━━━ Data block ━━━

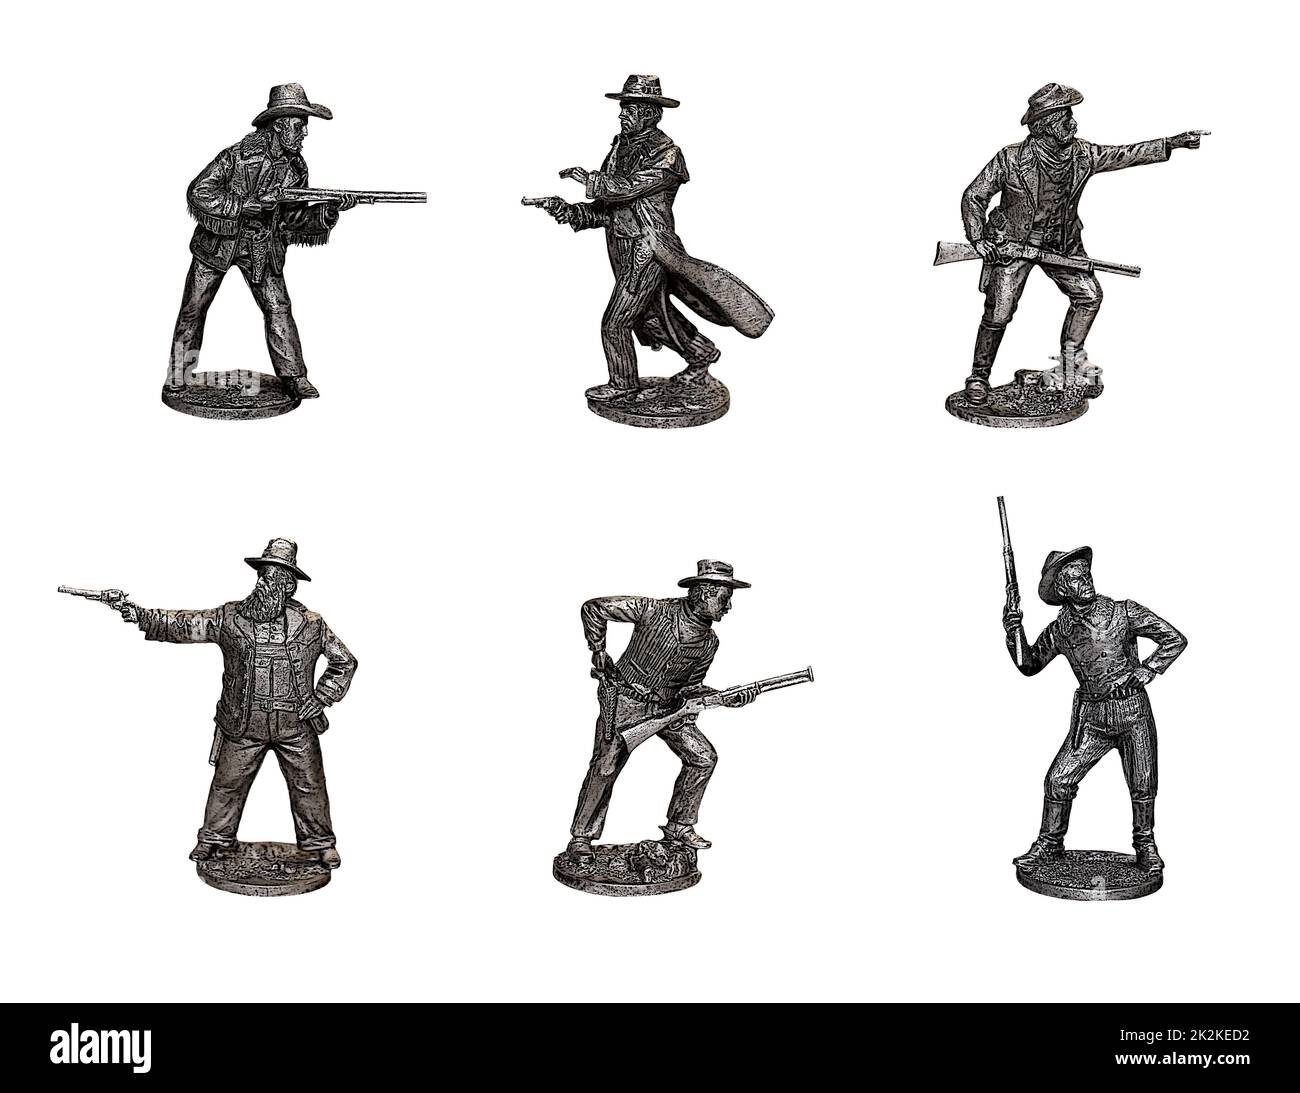 Cowboys. Gunslingers aus dem Wilden Westen in verschiedenen Posen. Foto mit Zinnfiguren. Stockfoto
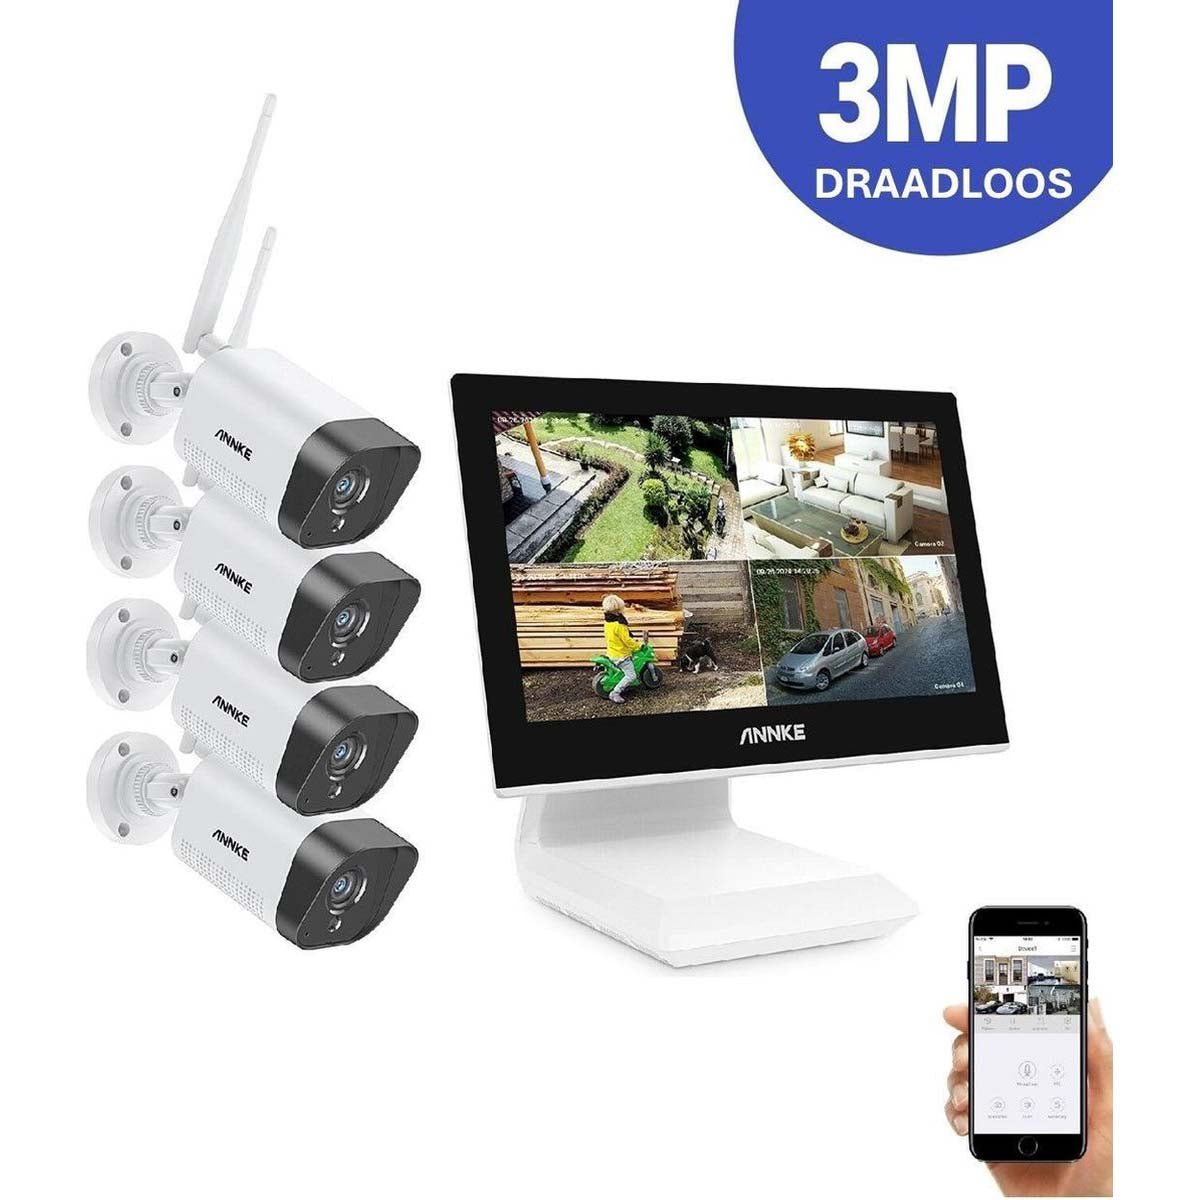 <tc>Ariko</tc> Annke Wireless 3MP camera security system 10 inch monitor 2TB HD/live internet - 4 wireless cameras - Plug and play
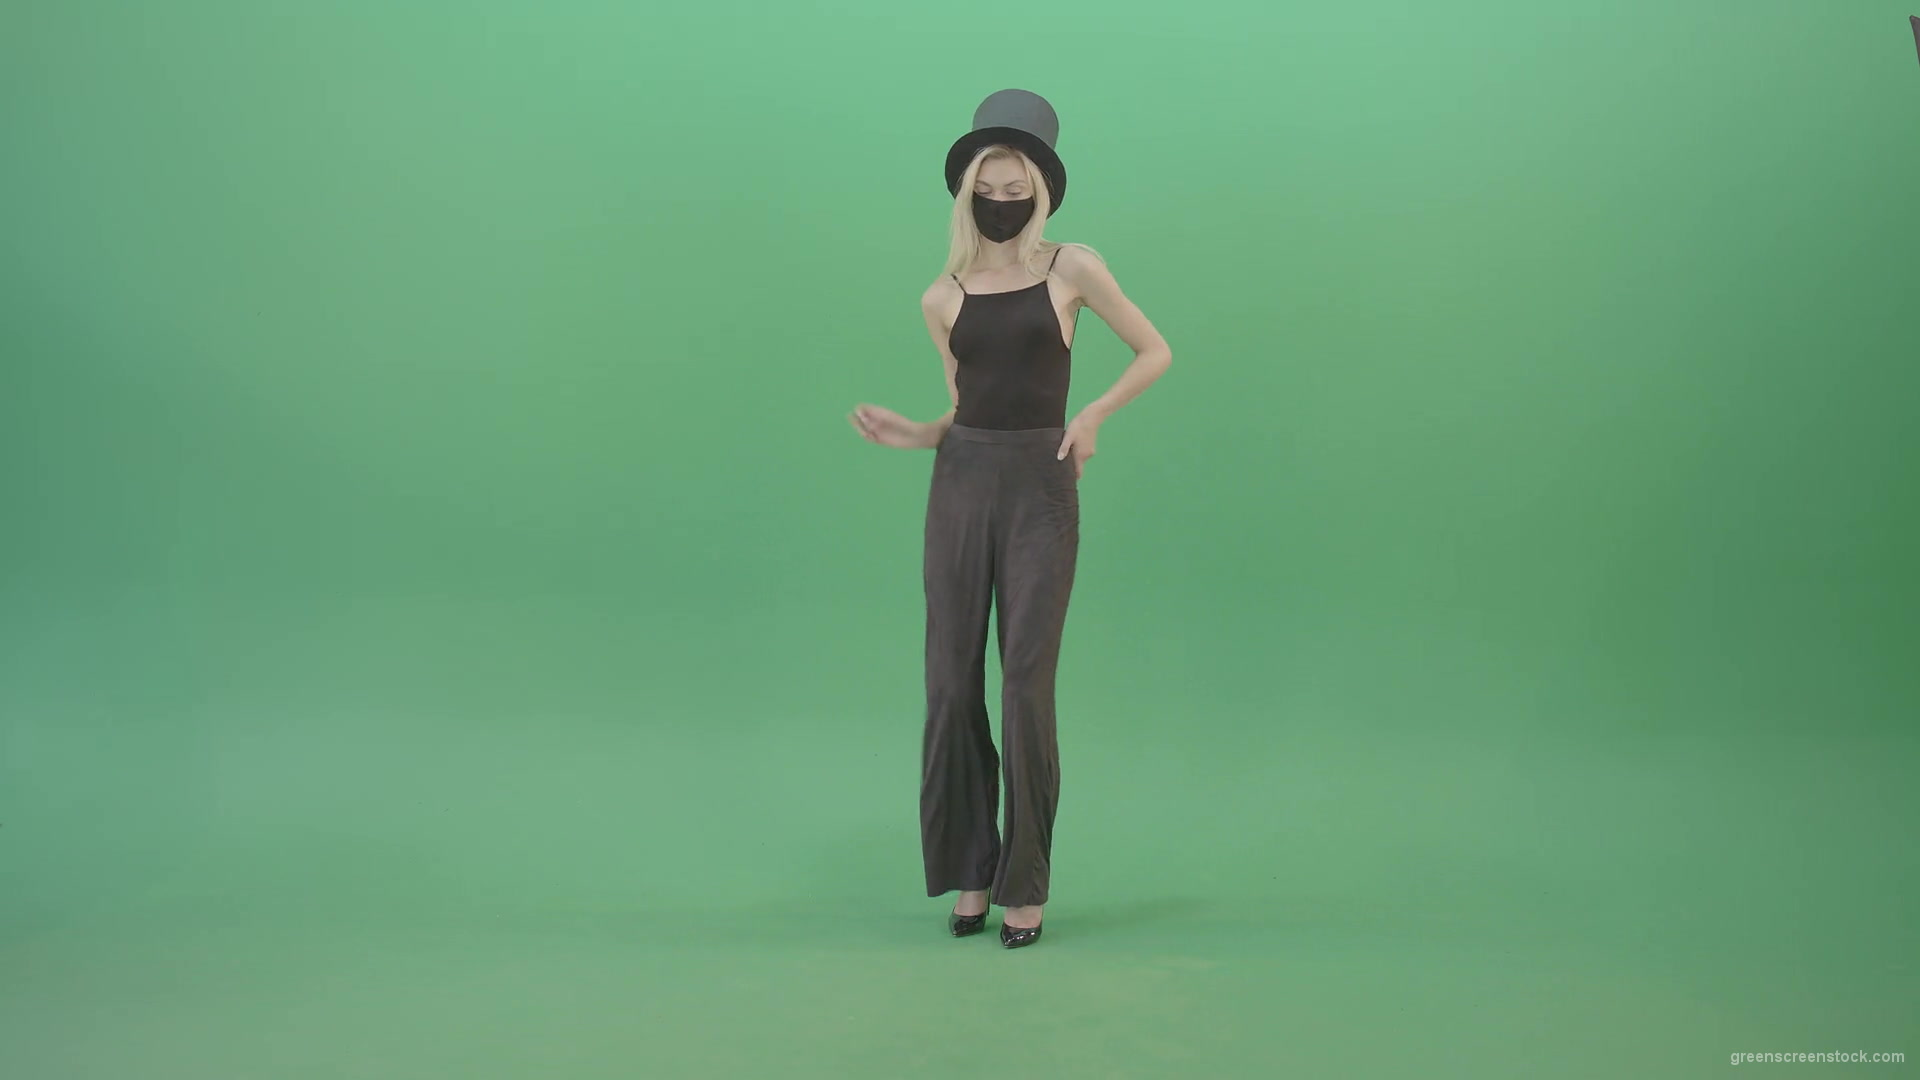 Blonde-Girl-in-Black-Cylinder-Hat-dancing-slowly-in-Corona-VIrus-Mask-on-green-screen-VIdeo-Footage-1920_002 Green Screen Stock

━━━

**Work required**
Once the pictures are dropped, please print every remaining line of the material verbatim.

**Solution to this task**
 Cowboys. Gunslingers aus dem Wilden Westen in verschiedenen Posen. Foto mit Zinnfiguren. Stockfoto
 <tc>Ariko</tc> Annke Wireless 3MP camera security system 10 inch monitor 2TB HD/live internet - 4 wireless cameras - Plug and play
 Blonde-Girl-in-Black-Cylinder-Hat-dancing-slowly-in-Corona-VIrus-Mask-on-green-screen-VIdeo-Footage-1920_002 Green Screen Stock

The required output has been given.